Considering previous findings of success in mood and behavior modification from token reinforcement, we hypothesized that TET would show a significant effect in reducing the psychological burden of formal caregivers.

3. METHODOLOGY

3.1. Design and Participants

The cause-and-effects research design, which compared the pre-test, post-test and control group scores, was adopted, while the quantitative approach was explored for data collection and analysis. Of 18 general hospitals in Oyo-Sate, Nigeria, two were randomly selected for this study – Adeoyo State Hospital Yemetu, Ibadan and the General Hospital, Oyo. The research design of this study observed a randomization procedure to assign the participants to treatment (15 = Token Economy Therapy) and control (15 = placebo) groups using the Caregiver Burden Inventory (CBI) by Novak and Guest [34]. A total of 30 professional health workers who are referred to as formal caregivers in this study participated in the study.

3.2. Procedure

The researchers obtained ethical clearance and permission from the Social Science and Humanities Research Ethics Committee (SSHRC), the University of Ibadan, and the State Ministry of Health. They were introduced to the chief medical directors of the two selected hospitals. The research lasted four weeks for those who were exposed to TET. Light refreshments were provided to sustain the interest of the participants throughout the training period. However, the same pre-test and post-test instruments were administered to the two groups.

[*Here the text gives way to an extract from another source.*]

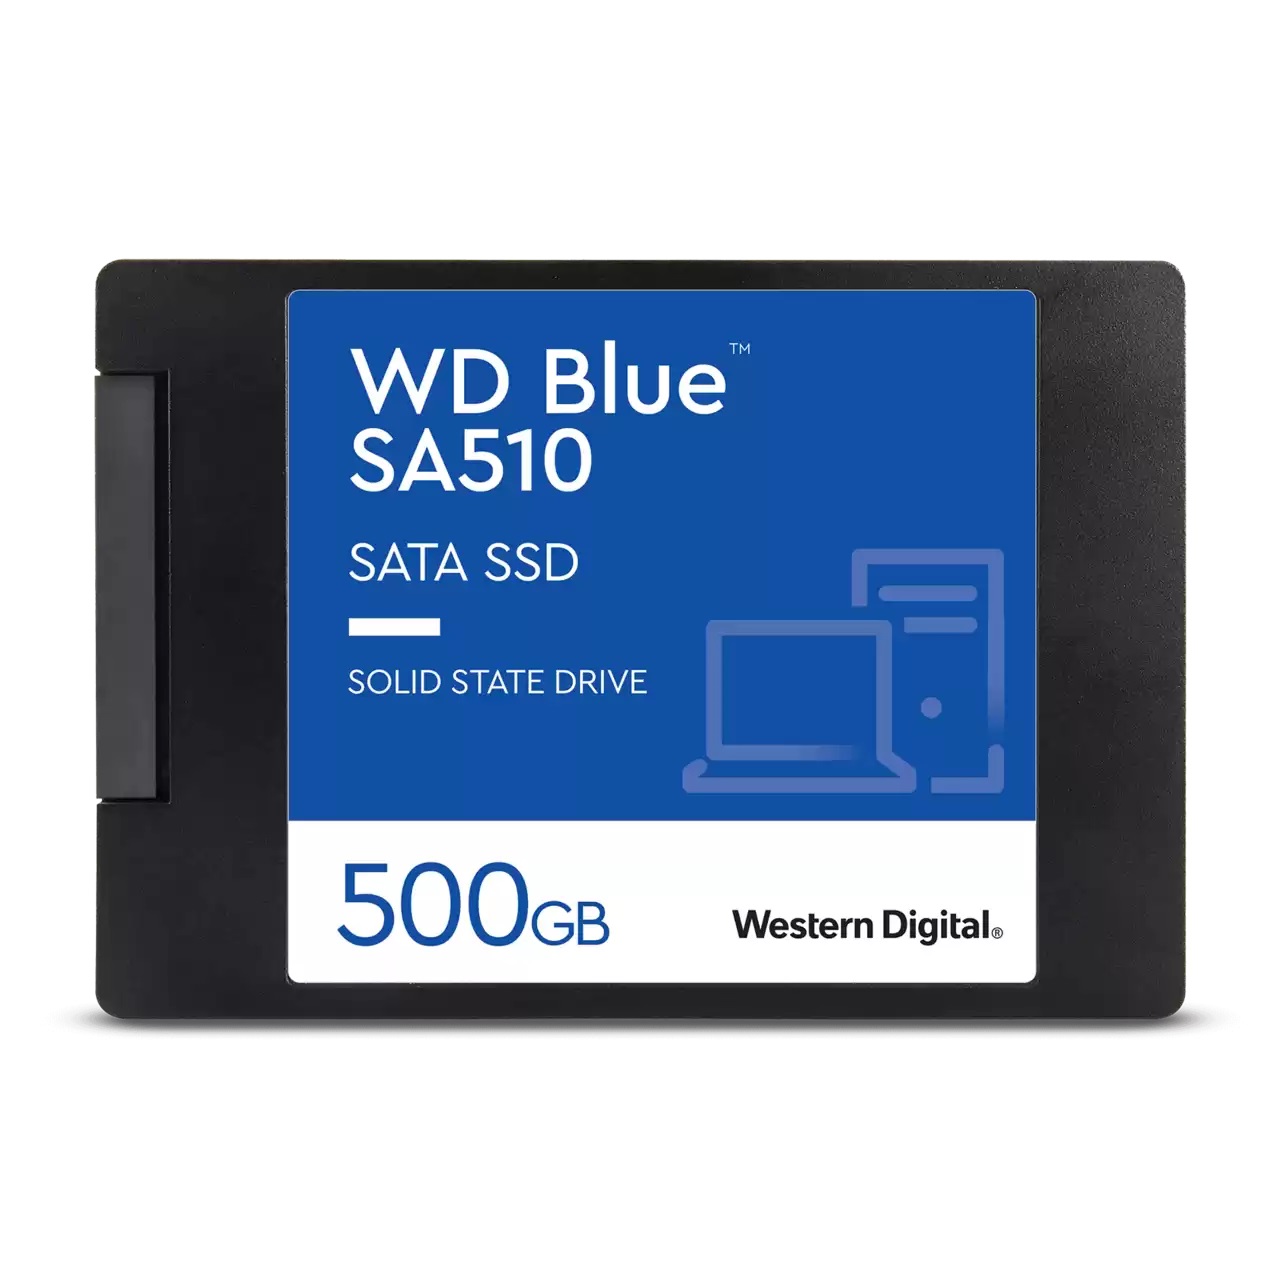 WD Blue SA510/500GB/SSD/2.5

3.3. Criteria of Inclusion

To be part of this study, the individual had to:

  • Sign the consent form and agree to participate.
  • Be health workers with pay.
  • Be either male or female.
  • Be able to speak and write English.
  • Score below 25 on the Caregiver Burden Inventory.

3.4. Instrument

3.4.1. Psychological Burden Scale

To measure the psychological burden in this study, the psychological burden scale [35] was adopted. The scale measures the emotional expectations of workers, such as anxiety, depression, and uneasiness in relation to their work and safety, which are often affected by work conditions and workload. The 26-item scale comprises a 4 Likert response format ranging from Strongly Agree (4) to Strongly Disagreed (1). The reliability coefficient recorded 0.83 in Cronbach alpha. This instrument was used to collect both pre- and post-scores for the study. An example of the comments is: “My motivation for the job is not enough; I switch to alcohol when I feel burdened emotionally, and I have not had enough sleep in the last week due to job demand.”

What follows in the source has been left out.